Tri bersiap menyerang lagi, tapi lututnya gemetar.
Kujang Kembar Larang di tangannya sudah retak, terlalu lama menahan aura pembunuh dari Manglayang.
Di belakang, Kenan mulai sadar penuh, tubuhnya telah cukup pulih setelah pengobatan dari Suster Ira.
Suster kini berpindah ke arah tubuh Sasmita yang masih terbaring. Tangannya yang kecil dan tua menggenggam rosario, membaca ayat-ayat dengan suara serak, tapi tiap kata melindungi tubuh Rengganis Larang dari kematian.
Cahaya samar mengalir ke luka-luka Sasmita.

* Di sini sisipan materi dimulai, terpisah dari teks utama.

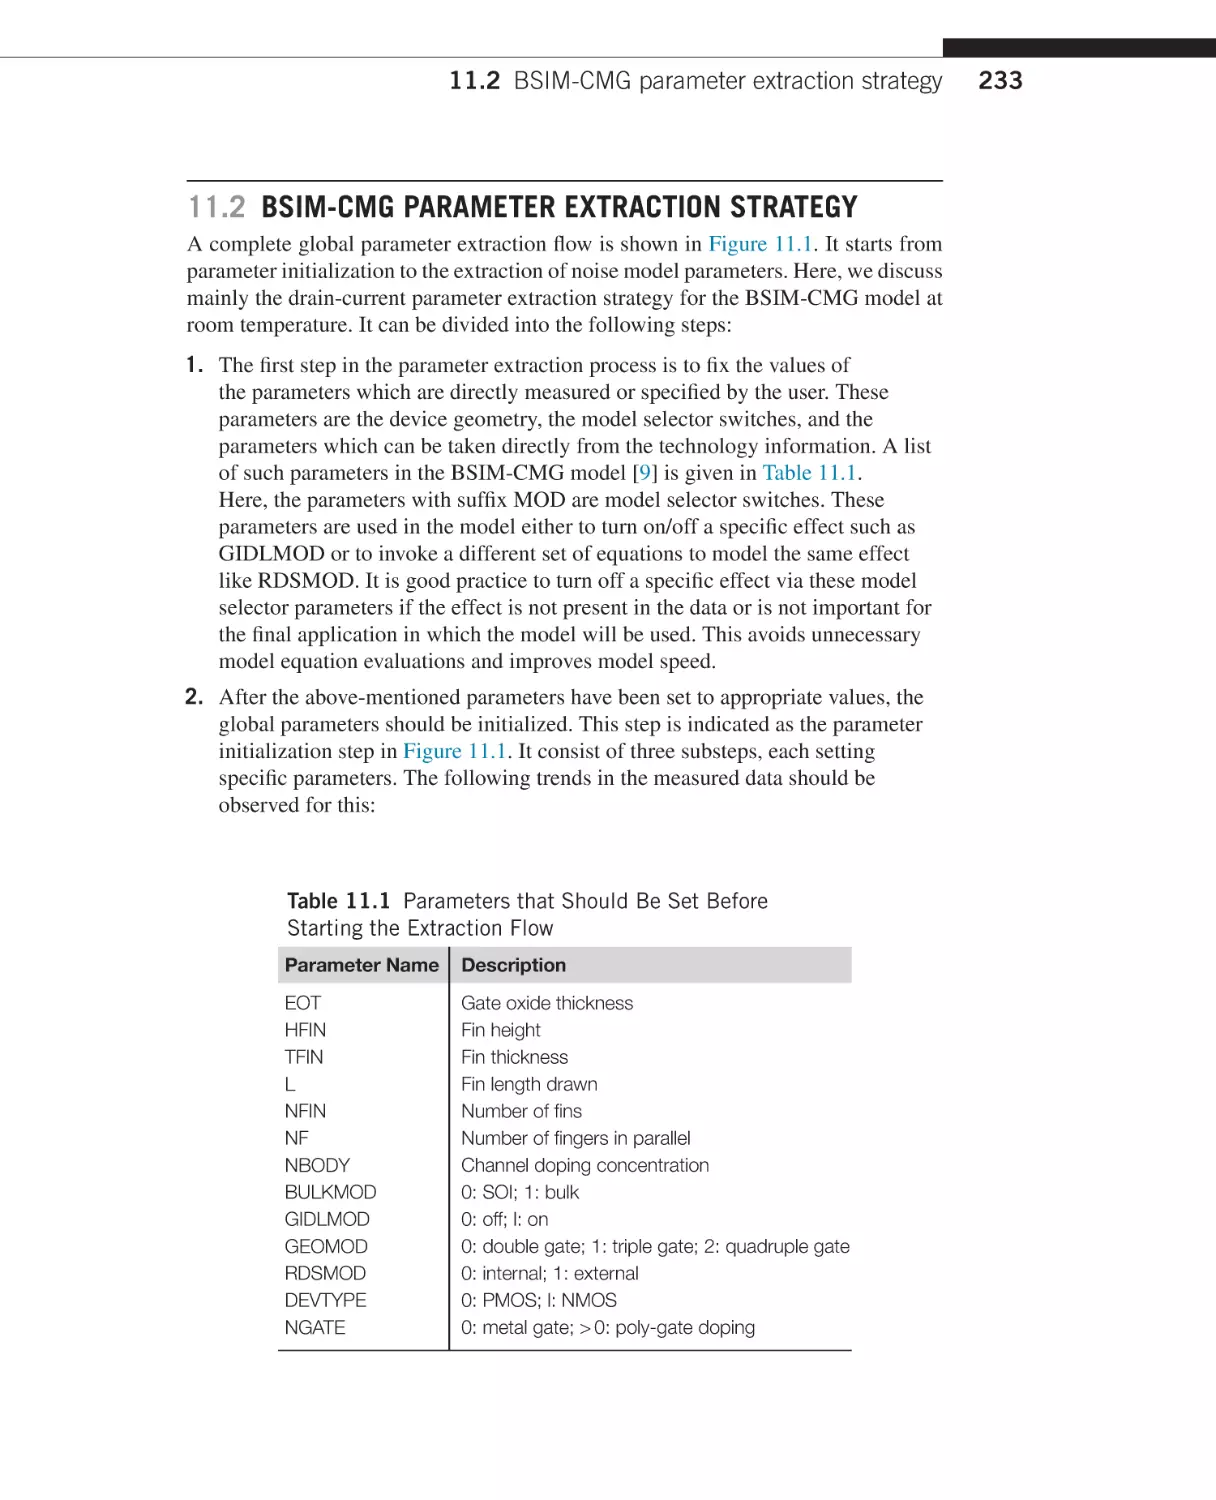 BSIM-CMG parameter extraction strategy

Perlahan kulitnya menutup. Dada mulai naik turun pelan.
Suster menatap Maya yang menggenggam tangan Sasmita, dan berbisik,
"Dia akan bangun... sebentar lagi."
---
15 menit.
Waktu yang cukup untuk mengubah segalanya… atau kehilangan semuanya.
Tri dan Ningsih mulai terdorong mundur.
Manglayang Merah mulai tertawa.
"Lihatlah... anak-anak manusia yang sok kuat..."
Satu kibasan tangan.
Tanah meledak. Ningsih terpelanting. Tri tertancap pecahan batu runcing di pahanya.
“GUH!!”
Ningsih bangkit, tubuh bergetar.
“Tri… kita gak kuat…”
Tri memaksa berdiri. Kujang di tangannya jatuh.
Dia menangis. Tapi tak ada air mata. Hanya darah.
“GURU!!” teriaknya.
---
Dan saat itu—mata Sasmita terbuka.
Langit berubah kelabu.
Angin berputar seperti pusaran halus.
Burung-burung yang tadinya menghilang mulai beterbangan panik.
Sasmita menarik napas dalam-dalam.
Lalu duduk perlahan.
Tubuhnya belum pulih penuh, tapi matanya menyalak.
“Tri. Lempar kujangnya.”
Suara itu pelan…
tapi membuat tanah di sekitar altar bergetar.
Tri memandangnya.
Matanya melebar. “Guru…”
“Cepat.”
Tri menggenggam dua kujang, meski tangannya gemetar, dan melemparkan keduanya ke arah gurunya.
Ciiing—
Sasmita menangkap dua kujang itu dalam satu gerakan.
Ia berdiri. Kakinya gemetar. Tapi auranya... berubah.
“Sasmita…” desis Maya, memegangi mulut.
---
Sasmita menutup mata.
Dua kujang bersilang di dadanya.
Darah mengalir dari bibirnya. Tapi ia mulai membaca... mantra kuno keluarga.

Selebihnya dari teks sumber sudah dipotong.